I've recently read a book that reminded me that a day is only wasted if I'm not following hard after my Savior, and that I can pursue him in every activity of my life.  I downloaded A.W. Tozer's The Pursuit of God because it was free, but I'm glad I read it.  It's a dense book, and I didn't agree with everything he says, but the final chapter, "The Sacrament of Living" really spoke to me.

Tozer speaks of the tendency that Christians have to divide our lives into two areas, the sacred and the secular.  We feel satisfied with ourselves when we are doing our spiritual disciplines like praying, attending church, and reading our bible.  When the ordinary activities of life like grocery shopping, working, and household chores intrude, we feel uneasy, as if we should apologize to God for not doing sacred activities 24 hours a day.  Tozer says this is a cause of Christians missing out on the peace God has promised to us. 

He also notes that the "sacred-secular antithesis" has no basis in Scripture, and he uses Jesus as a model.  Christ, he says, was completely pleasing to God in everything that he did, and yet he lived as a human.
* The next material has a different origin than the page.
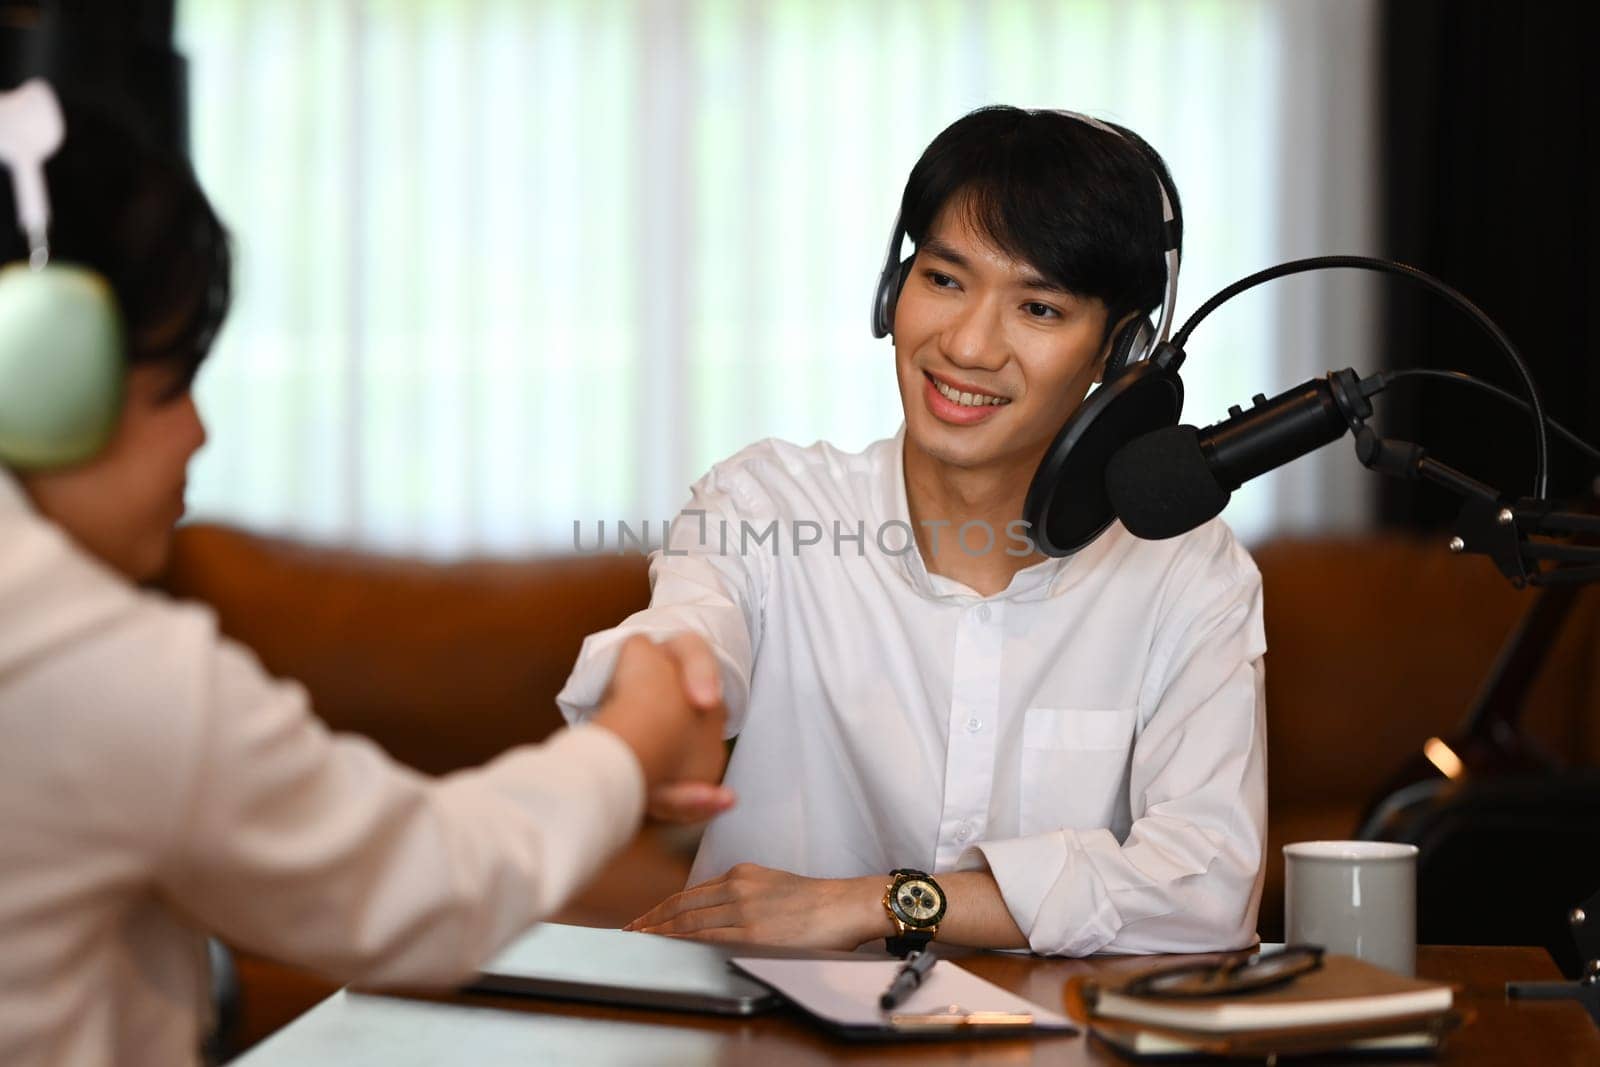 Smiling radio host shaking hands with her guest after interviewing. Podcasts and technology concept by prathanchorruangsak

The gospels take no pains to hide Jesus's humanity.  He got hungry and tired, and he was never uneasy when doing human activities like eating or sleeping.  He even worked as a builder before he began his public ministry.  

If Jesus was able to live as a human with such grace and confidence, how can we do the same?  Tozer gives us the answer.  We must "lift every act up into a living kingdom and turn the whole life into a sacrament."  Say what?  Thankfully, our author gives us a more specific answer: We have to practice living to the glory of God with every act we do.  He says we must offer all our acts to God and truly believe that he accepts them. We must meditate on this idea as we go throughout the day, and pray about it often. The "sacraments" like communion and baptism, are not the only ways to please God.  As we go through our day to day activities, we can send up short prayers to Him, dedicating the work to God and reminding ourselves that we are doing all to his glory (1 Corinthians 10:31).   
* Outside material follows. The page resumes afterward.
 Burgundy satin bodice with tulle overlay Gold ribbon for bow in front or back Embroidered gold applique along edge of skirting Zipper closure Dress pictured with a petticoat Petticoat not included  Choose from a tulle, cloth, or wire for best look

The way I see it, this will have three results.  The first is that it will help to steer me clear of sinful activities that cannot be pleasing to God.  If I'm thinking about following him all day, praying and dedicating all my endeavors to him, then I will be less likely to begin gossiping or reading impure books or yelling at my children.  

Second, if I am sending up these "thought-prayers," as he calls them, all day long, then I actually am involving myself in the spiritual discipline of prayer!  I can pray whilst in the middle of doing housework.  Even if I am helping my daughter with her homework, we can send a short prayer up to the Father, dedicating the work to him.  It isn't so much what I am doing, but how I am doing it that makes the difference.  "It is not what a man does that determines whether his work is sacred or secular, it is why he does it.  The motive is everything.  Let a man sanctify the Lord God in his heart and he can thereafter do no common act."  Sanctifying God in my heart with every action can only bring me closer to Him. 
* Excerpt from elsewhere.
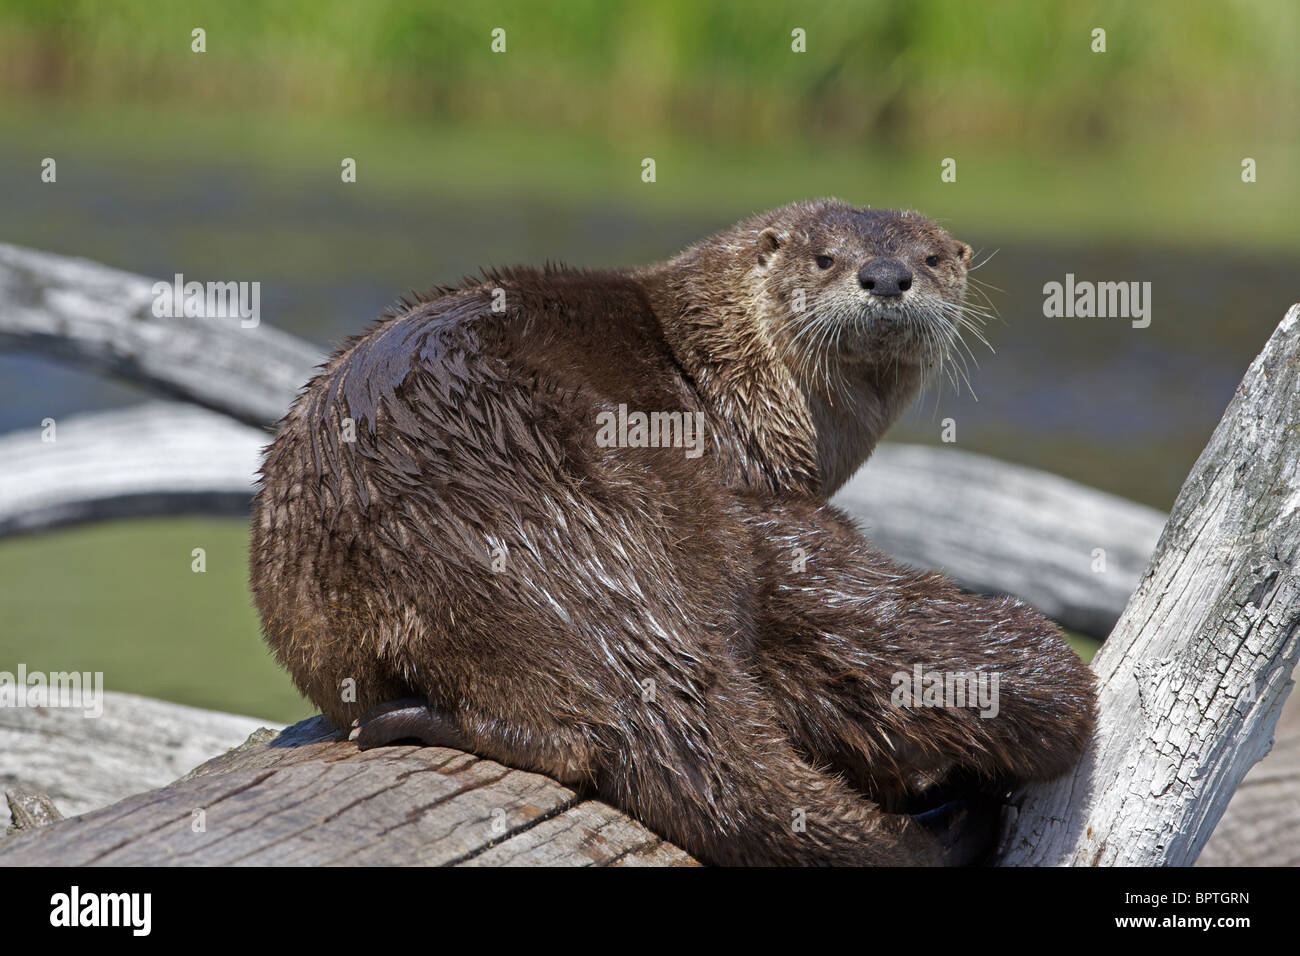 River Otter(s) - (Lutra canadensis) - Wyoming - Eat fish frogs turtles muskrats crayfish - playful intelligent animals Stock Photo

Finally, I can let go of the burden of guilt.  If Jesus had to sleep, then I don't have to feel guilty about going to bed early when I'm tired.  Jesus had a job, I don't have to feel shame at spending hours of my day doing my job as long as I dedicate it to him.  

The only way I can have this unified kind of life, though, is if I desire to follow God with my whole heart and actively pursue him.  If I go through my entire day of errands without once thinking about God, then perhaps my day really is wasted.  However, if I pray before I head out the door, or as I'm driving to the bank, thanking God for his provision, and letting him know that I am dedicating my day to Him, then even a simple Wal-Mart run can be a spiritual activity.  

If I start to doubt, I need only remind myself that the disciples went into town to buy food (John 4:8), Paul was a tentmaker (Acts 18:3), and Jesus used ordinary activities to teach some of his most powerful parables (Luke 15:1-10).

Is today a day filled with ordinary activities for you?  Transform them.  Before you wash another dish, say a prayer dedicating your work to the Lord.  Going to work?  Remind yourself that you are working for someone far greater than an earthly employee. Do all your ordinary jobs to God's glory, and see if you don't feel less fractured.